“哦。”

    寒日失去兴趣。

    大概是他的表情太过死气沉沉,奥贝迩忍不住多瞄了几眼。

    他那可爱的小珍珠,仿佛失去了所有光泽,如蒙尘的珍珠,浑身上下散发着无助和茫然的气息。

    “你难道不好奇是什么异兽吗?”

    寒日没吭声。

    好奇?

    好奇能掩盖他内心升腾而起的罪恶感吗?

    他的蛋蛋,他的亲弟弟,在他不知情的情况之下,成为了实验体302。

    而自己呢?

    他却完全没有意识到他的身份,甚至被他的美色所吸引,默认将他当成了伴侣……

    这种道德的罪恶感,让他保守煎熬,脑海中浑浑噩噩,满脑子只剩下寒沉兽形时的模样——

    为什么?

    他茫然而又不解。

    为什么寒沉的兽态与雄父的兽态相差如此之大?

    在他的记忆中,狰狞的巨龙拥有黑色鳞甲,宽厚的羽翼,还有凶戾却又在不经意间显现出的憨厚。

    那是雄父的印象。

    巨龙的模样,几乎与寒沉的兽态是两个极端。

    一个是霸气的威猛的酷,一个是阴冷诡辩的煞。

    ……不。

    他像是想起什么般。

    寒沉还是有一点与雄父相似——至少他的鳞片也是黑的。

    思及此,寒日忍不住抱起双腿。

    “唉。

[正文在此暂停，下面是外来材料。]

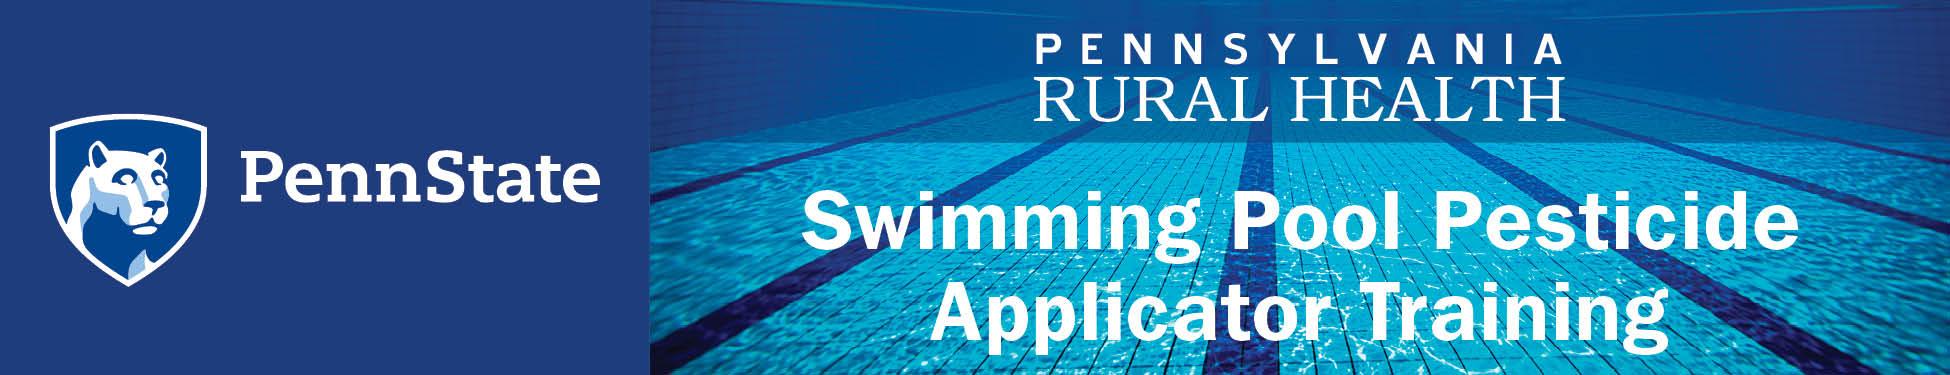 Swimming Pool Pesticide Applicator Training - WEBINAR

”

    与此同时,躺在病床之上的青年缓缓睁开了双眼。

    身体仿佛散架一般的剧烈疼痛。

    寒沉从床上艰难的坐起,低头间看见自己手背上扎入的针头。

    “我都说了人没事,不要再烦我了。”

    “唉,这人皮可真厚,废了我们那么多针……可恶,不知道现在医疗物资紧缺吗?”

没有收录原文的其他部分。